Sangat Janggal Polemik Tahanan Rumah Eks Menag Yaqut Picu Persepsi Lemahnya KPK Penanganan Korupsi Besar

Hukum1072 Dilihat

literasi.co.id, JAKARTA, 25 Maret 2026 — Polemik pengalihan status penahanan mantan Menteri Agama, Yaqut Cholil Qoumas, dari rumah tahanan negara (rutan) menjadi tahanan rumah menuai kritik luas dan memicu sorotan tajam terhadap kinerja Komisi Pemberantasan Korupsi (KPK).

Kasus ini bermula dari penetapan Yaqut sebagai tersangka dalam dugaan korupsi pengelolaan kuota haji 2023–2024 yang ditaksir merugikan negara hingga ratusan miliar rupiah. Ia sempat ditahan di rutan KPK sejak 12 Maret 2026 sebelum statusnya dialihkan menjadi tahanan rumah pada 19 Maret 2026.

Namun, keputusan tersebut hanya berlangsung singkat. Pada 24 Maret 2026, Yaqut kembali ditahan di rutan KPK, menyusul gelombang kritik publik yang mempertanyakan dasar dan urgensi kebijakan tersebut.

Keputusan Kontroversial dan Tidak Lazim

Pengalihan status penahanan itu dinilai banyak pihak sebagai langkah yang tidak lazim dalam penanganan perkara korupsi, terlebih pada kasus dengan nilai kerugian negara yang besar. Sejumlah pengamat hukum dan pegiat antikorupsi menilai kebijakan tersebut berpotensi mencederai prinsip kesetaraan di hadapan hukum (equality before the law).

Minimnya transparansi dalam pengambilan keputusan juga memperkuat kecurigaan publik bahwa terdapat perlakuan khusus terhadap tersangka yang pernah menduduki jabatan strategis di pemerintahan.

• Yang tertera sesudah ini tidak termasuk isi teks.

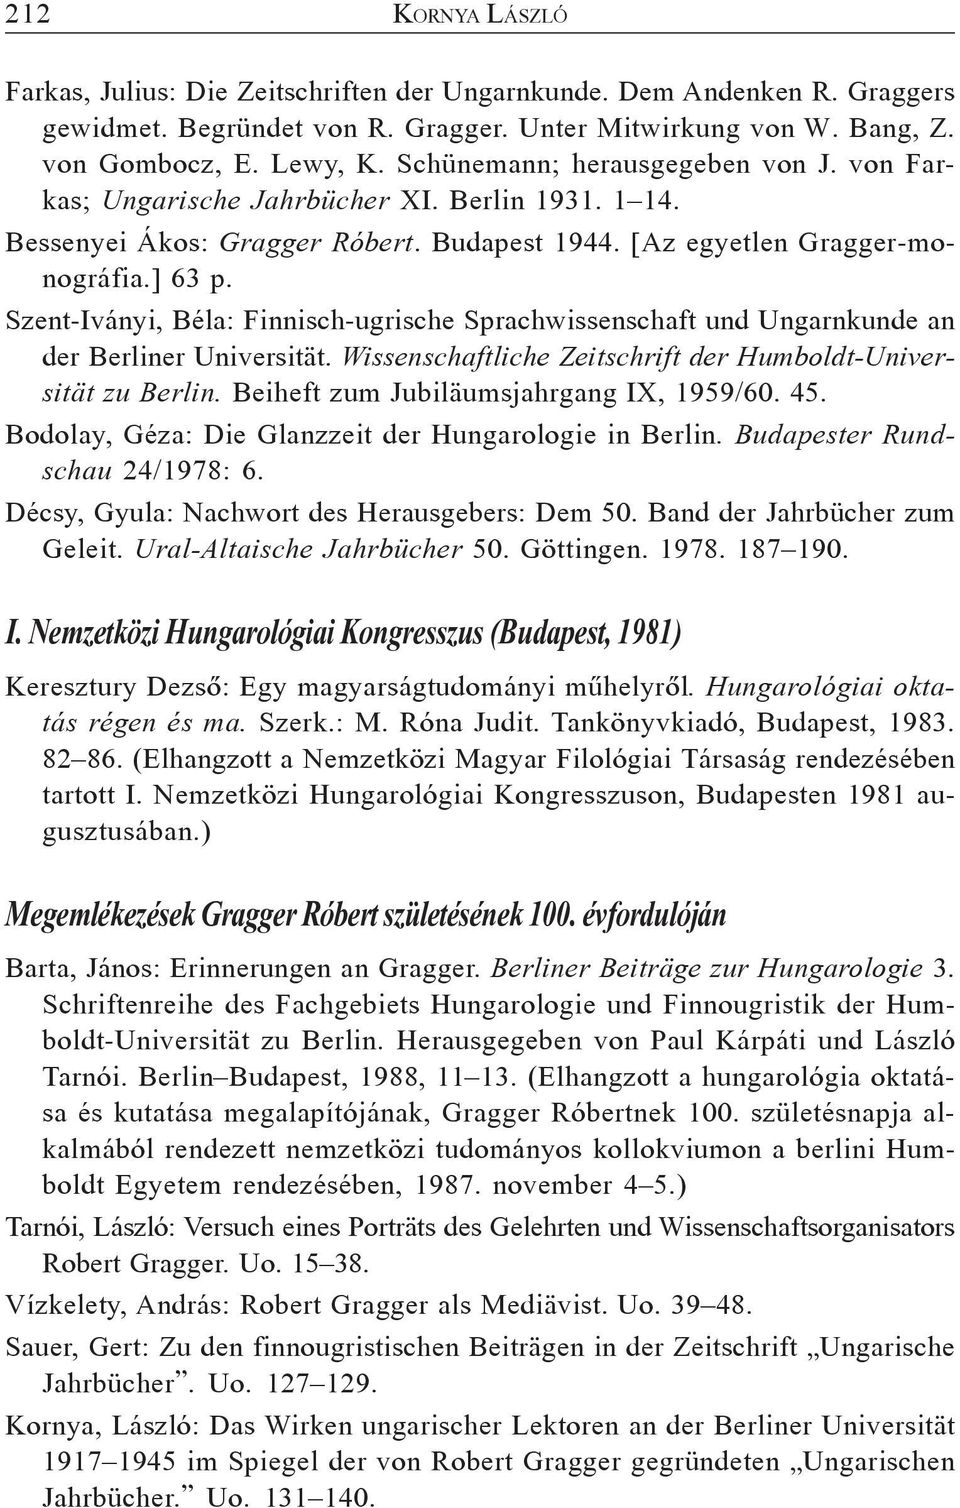 Szent-Iványi, Béla: Finnisch-ugrische Sprachwissenschaft und Ungarnkunde an der Berliner Universität. Wissenschaftliche Zeitschrift der Humboldt-Universität zu Berlin.

Publik Soroti KPK Dinilai Melemah

Di tengah polemik tersebut, muncul narasi kuat di ruang publik yang menilai KPK mulai menunjukkan tanda-tanda melemah dalam menangani perkara korupsi berskala besar. Keputusan pengalihan tahanan dinilai sebagai preseden buruk yang dapat merusak kepercayaan masyarakat terhadap komitmen pemberantasan korupsi.

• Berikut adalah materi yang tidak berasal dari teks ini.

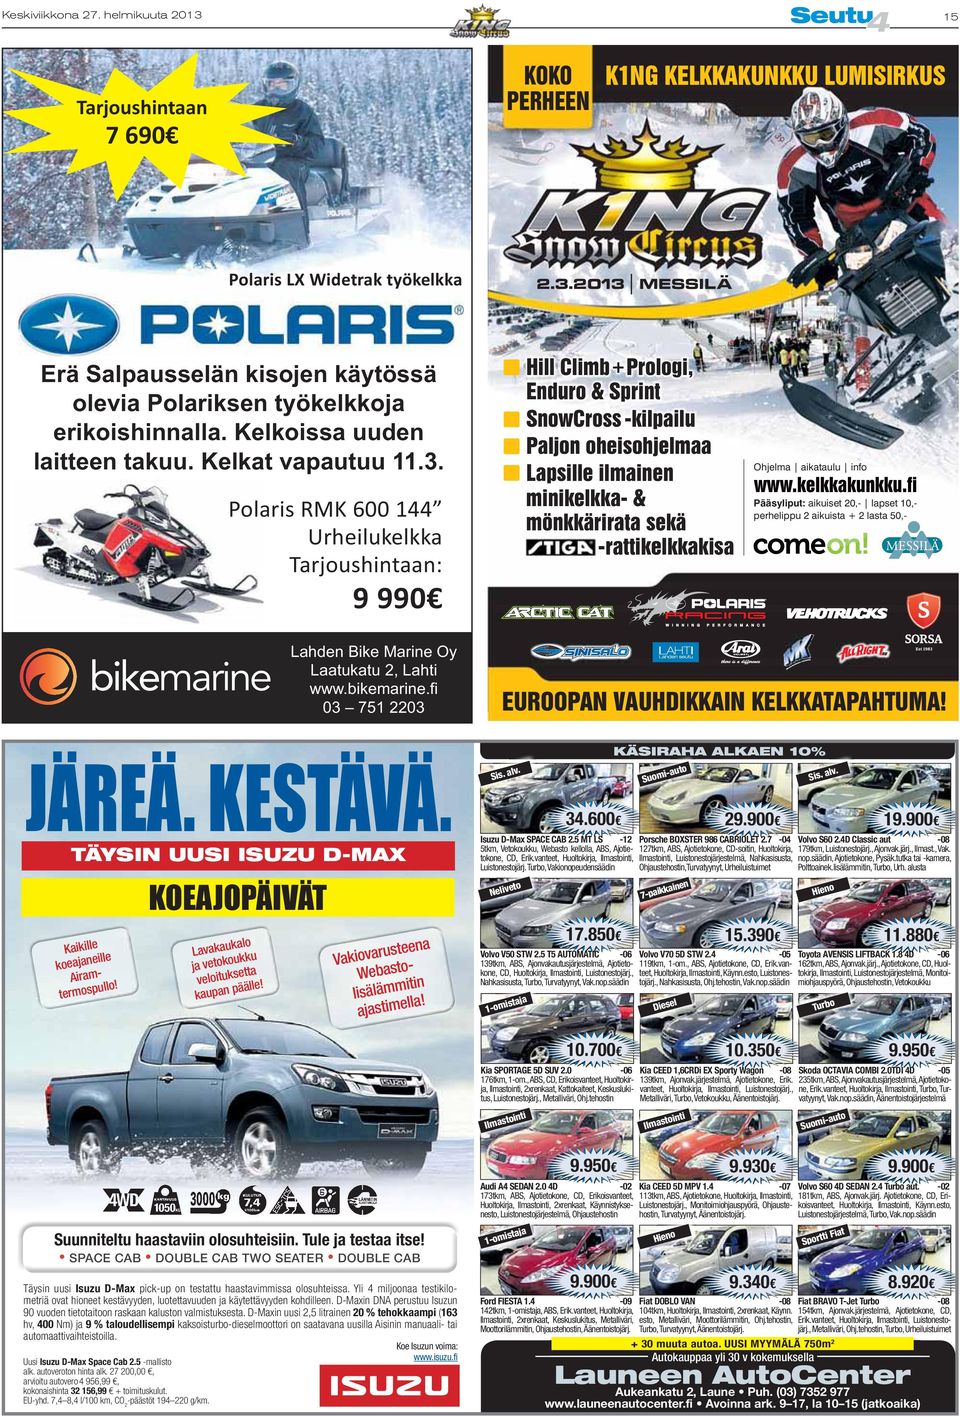 Polaris RMK 600 144 Urheilukelkka Tarjoushintaan: 9 990 Hill Climb + Prologi, Enduro & Sprint SnowCross -kilpailu Paljon oheisohjelmaa Lapsille ilmainen minikelkka- & mönkkärirata sekä

Tidak sedikit kalangan yang mempertanyakan konsistensi KPK dalam menegakkan hukum secara tegas dan tanpa pandang bulu. Dalam persepsi publik, langkah tersebut memperlihatkan adanya inkonsistensi dalam penegakan hukum, terutama ketika berhadapan dengan aktor-aktor elite.

KPK Berdalih Prosedural

Pihak KPK sendiri menyatakan bahwa pengalihan status penahanan dilakukan sesuai prosedur hukum yang berlaku dan atas dasar permohonan dari pihak keluarga. KPK menegaskan bahwa status tahanan rumah tidak menghapus proses hukum yang berjalan, serta tetap berada dalam pengawasan penyidik.

Meski demikian, penjelasan tersebut belum sepenuhnya meredam kritik. Banyak pihak menilai bahwa aspek prosedural semata tidak cukup untuk menjawab tuntutan transparansi dan akuntabilitas publik dalam kasus besar.

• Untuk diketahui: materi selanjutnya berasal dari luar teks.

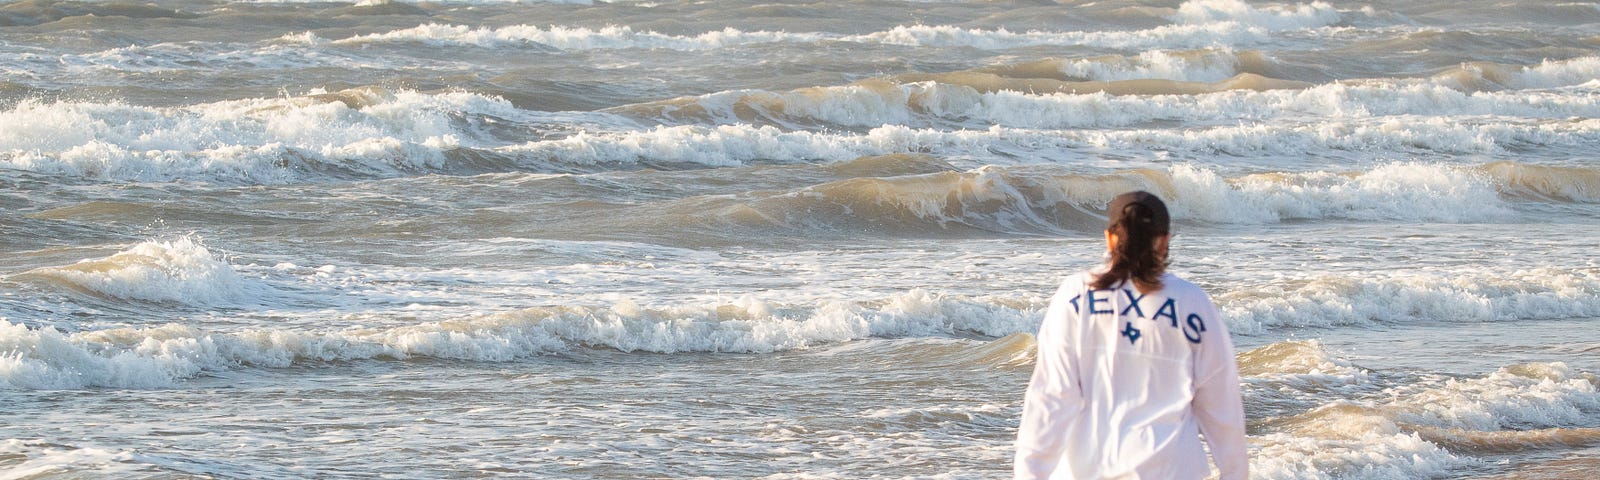 Walker on beach, watching waves on sea

Kasus ini menjadi ujian serius bagi kredibilitas KPK sebagai garda terdepan dalam pemberantasan korupsi di Indonesia. Di tengah ekspektasi publik yang tinggi, setiap kebijakan yang diambil lembaga tersebut dituntut tidak hanya sah secara hukum, tetapi juga memenuhi rasa keadilan masyarakat.

Jika polemik semacam ini terus berulang tanpa penjelasan yang komprehensif dan transparan, bukan tidak mungkin kepercayaan publik terhadap KPK akan semakin tergerus.

Publik menilai, penanganan perkara korupsi besar tidak hanya membutuhkan kepastian hukum, tetapi juga ketegasan dan konsistensi yang mampu menjaga marwah penegakan hukum di mata publik. Tanpa itu, pemberantasan korupsi berisiko kehilangan legitimasi sosialnya.